Azure Synapse Analytics · Arazzo Workflow

Azure Synapse Analytics Submit and Poll Spark Batch Job

Version 1.0.0

Submit a Spark batch job to a pool and poll until it reaches a result.

1 workflow 1 source API 1 provider
View Spec View on GitHub AnalyticsApache SparkBig DataData IntegrationData WarehouseETLSQLArazzoWorkflows

Provider

microsoft-azure-synapse-analytics

Workflows

submit-and-poll-spark-batch-job
Submit a Spark batch job and poll it until it reaches a terminal result.
Creates a Spark batch job against a pool, reads the job by id, and loops on the read until the livy result is no longer Uncertain, capturing the final result.
2 steps inputs: batchOptions, sparkPoolName outputs: batchId, result
1
submitBatchJob
SparkBatch_CreateSparkBatchJob
Submit a new Spark batch job to the pool using the supplied batch options.
2
pollBatchJob
SparkBatch_GetSparkBatchJob
Read the batch job by id. While the livy result is still Uncertain, loop back and poll again; once a terminal result is reported, end the workflow.

Source API Descriptions

Arazzo Workflow Specification

microsoft-azure-synapse-analytics-submit-and-poll-spark-batch-job-workflow.yml Raw ↑
arazzo: 1.0.1
info:
  title: Azure Synapse Analytics Submit and Poll Spark Batch Job
  summary: Submit a Spark batch job to a pool and poll until it reaches a result.
  description: >-
    Spark batch jobs run application code against a Synapse Spark pool through
    the Livy API. This workflow submits a batch job, then polls the job by id in
    a loop, branching back to poll again while the job is still running and
    ending once a terminal result (Succeeded, Failed, or Cancelled) is reported.
    Every step spells out its request inline so the flow can be read and executed
    without opening the underlying OpenAPI description.
  version: 1.0.0
sourceDescriptions:
- name: sparkJobApi
  url: ../openapi/azure-synapse-analytics-spark-job-openapi.yml
  type: openapi
workflows:
- workflowId: submit-and-poll-spark-batch-job
  summary: Submit a Spark batch job and poll it until it reaches a terminal result.
  description: >-
    Creates a Spark batch job against a pool, reads the job by id, and loops on
    the read until the livy result is no longer Uncertain, capturing the final
    result.
  inputs:
    type: object
    required:
    - sparkPoolName
    - batchOptions
    properties:
      sparkPoolName:
        type: string
        description: The name of the Spark pool to run the batch job on.
      batchOptions:
        type: object
        description: >-
          The SparkBatchJobOptions body.
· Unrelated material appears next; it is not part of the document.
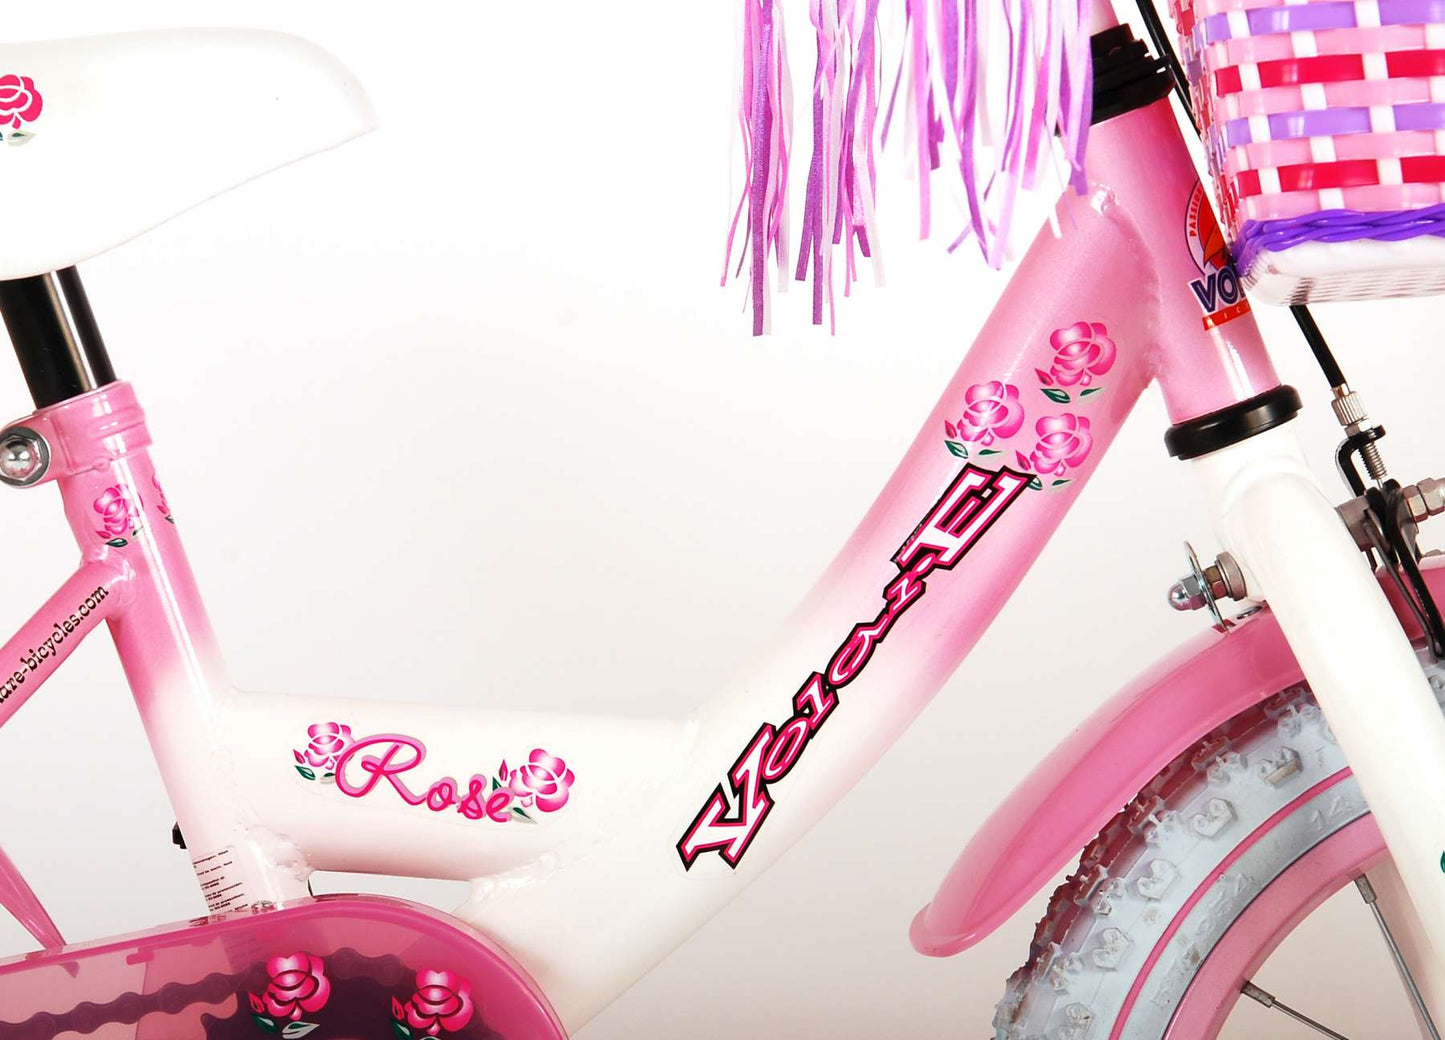 Bicycle per bambini di Vlatare Rose - Girls - 14 pollici - Bianco rosa - 95% assemblato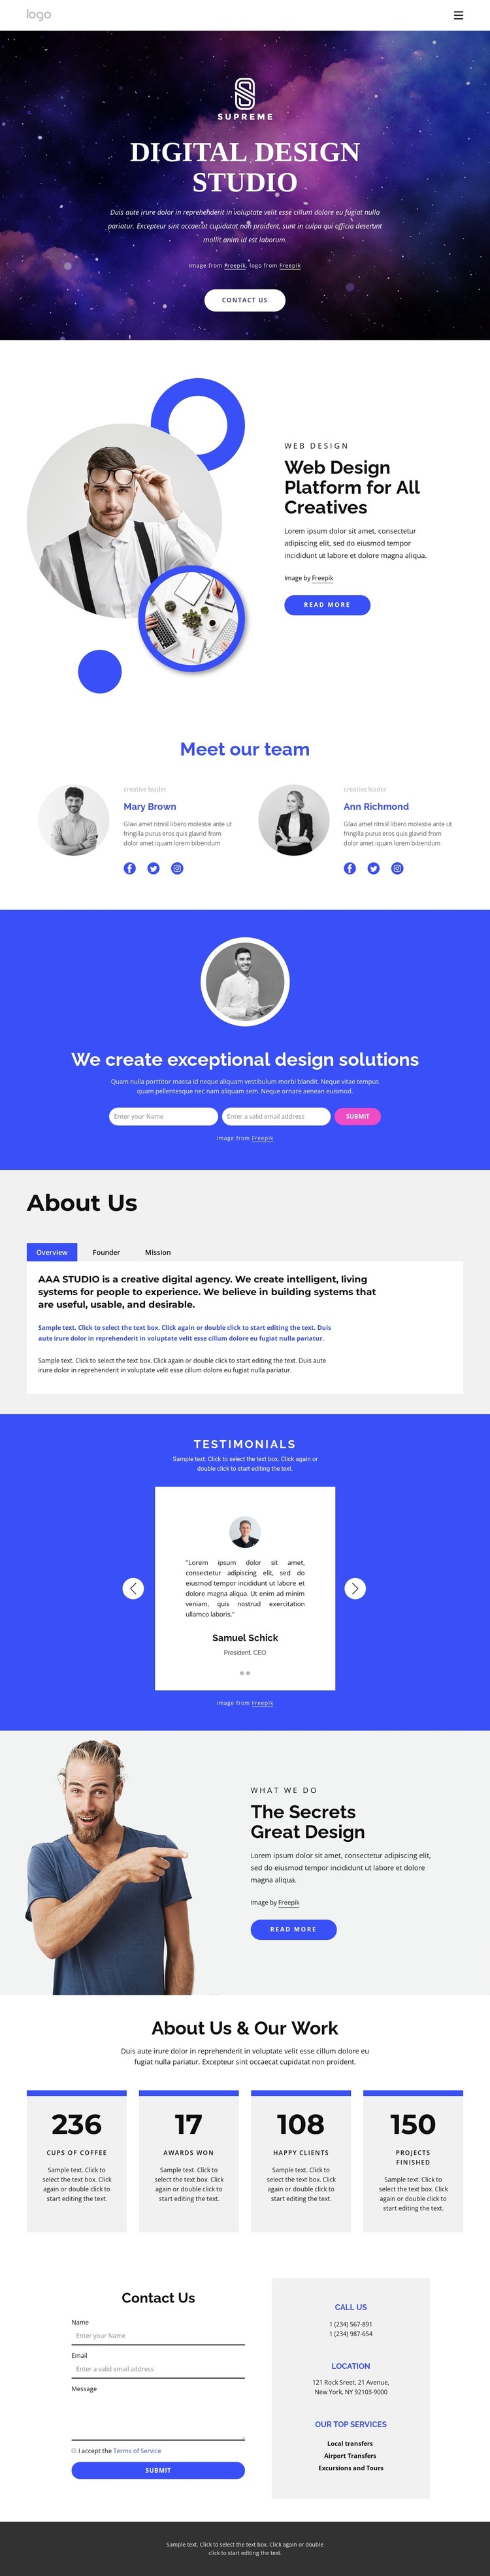 Digital design agency Web Design

Must include name and file at minimum.
  steps:
  - stepId: submitBatchJob
    description: >-
      Submit a new Spark batch job to the pool using the supplied batch options.
    operationId: SparkBatch_CreateSparkBatchJob
    parameters:
    - name: sparkPoolName
      in: path
      value: $inputs.sparkPoolName
    - name: detailed
      in: query
      value: true
    requestBody:
      contentType: application/json
      payload: $inputs.batchOptions
    successCriteria:
    - condition: $statusCode == 200
    outputs:
      batchId: $response.body#/id
      submittedState: $response.body#/state
  - stepId: pollBatchJob
    description: >-
      Read the batch job by id. While the livy result is still Uncertain, loop
      back and poll again; once a terminal result is reported, end the workflow.
    operationId: SparkBatch_GetSparkBatchJob
    parameters:
    - name: sparkPoolName
      in: path
      value: $inputs.sparkPoolName
    - name: batchId
      in: path
      value: $steps.submitBatchJob.outputs.batchId
    - name: detailed
      in: query
      value: true
    successCriteria:
    - condition: $statusCode == 200
    outputs:
      result: $response.body#/result
      currentState: $response.body#/state
    onSuccess:
    - name: stillRunning
      type: goto
      stepId: pollBatchJob
      criteria:
      - context: $response.body
        condition: $.result == "Uncertain"
        type: jsonpath
    - name: finished
      type: end
      criteria:
      - context: $response.body
        condition: $.result != "Uncertain"
        type: jsonpath
  outputs:
    batchId: $steps.submitBatchJob.outputs.batchId
    result: $steps.pollBatchJob.outputs.result